On Thin Air Reads: Towards an Event Structures Model of Relaxed Memory

TL;DR

This paper introduces a new event structures model called well-justification for relaxed memory, balancing between overly weak and overly strict criteria, ensuring correctness and safety in concurrent executions.

Contribution

It proposes the well-justification concept, a middle ground model for relaxed memory that supports compiler optimizations while avoiding thin-air reads.

Findings

Well-justified configurations satisfy the DRF theorem.

Rely-guarantee reasoning is sound for well-justified configurations.

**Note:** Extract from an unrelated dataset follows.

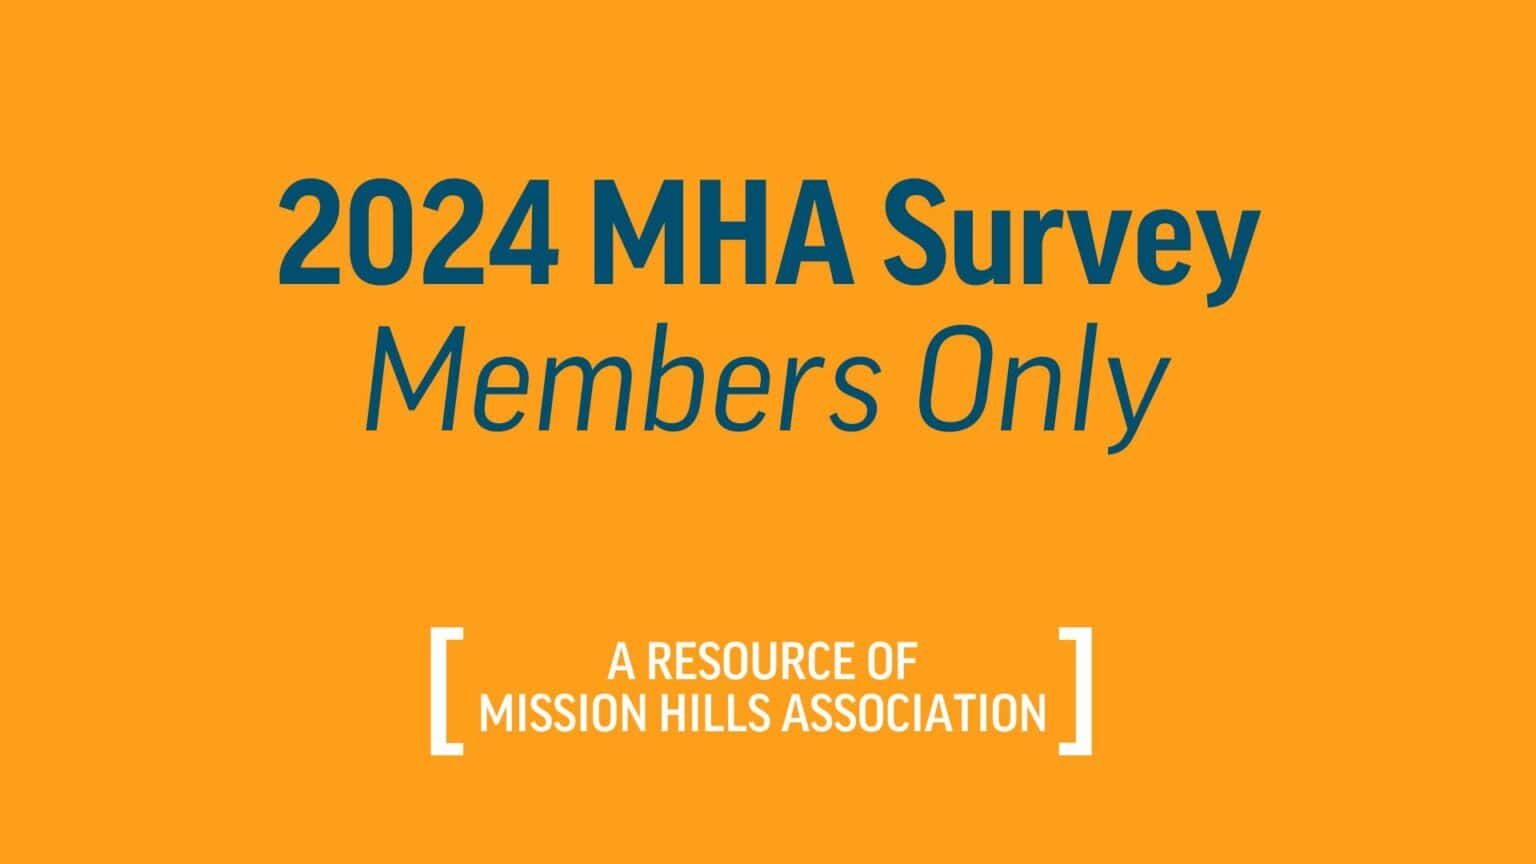 2024 Mission Hills Association Survey | Members Only

Type-safety is maintained in well-justified configurations.

Abstract

To model relaxed memory, we propose confusion-free event structures over an alphabet with a justification relation. Executions are modeled by justified configurations, where every read event has a justifying write event. Justification alone is too weak a criterion, since it allows cycles of the kind that result in so-called thin-air reads. Acyclic justification forbids such cycles, but also invalidates event reorderings that result from compiler optimizations and dynamic instruction scheduling. We propose the notion of well-justification, based on a game-like model, which strikes a middle ground. We show that well-justified configurations satisfy the DRF theorem: in any data-race free program, all well-justified configurations are sequentially consistent. We also show that rely-guarantee reasoning is sound for well-justified configurations, but not for justified configurations. For example, well-justified configurations are type-safe. Well-justification allows many, but not all reorderings performed by relaxed memory. In particular, it fails to validate the commutation of independent reads. We discuss variations that may address these shortcomings.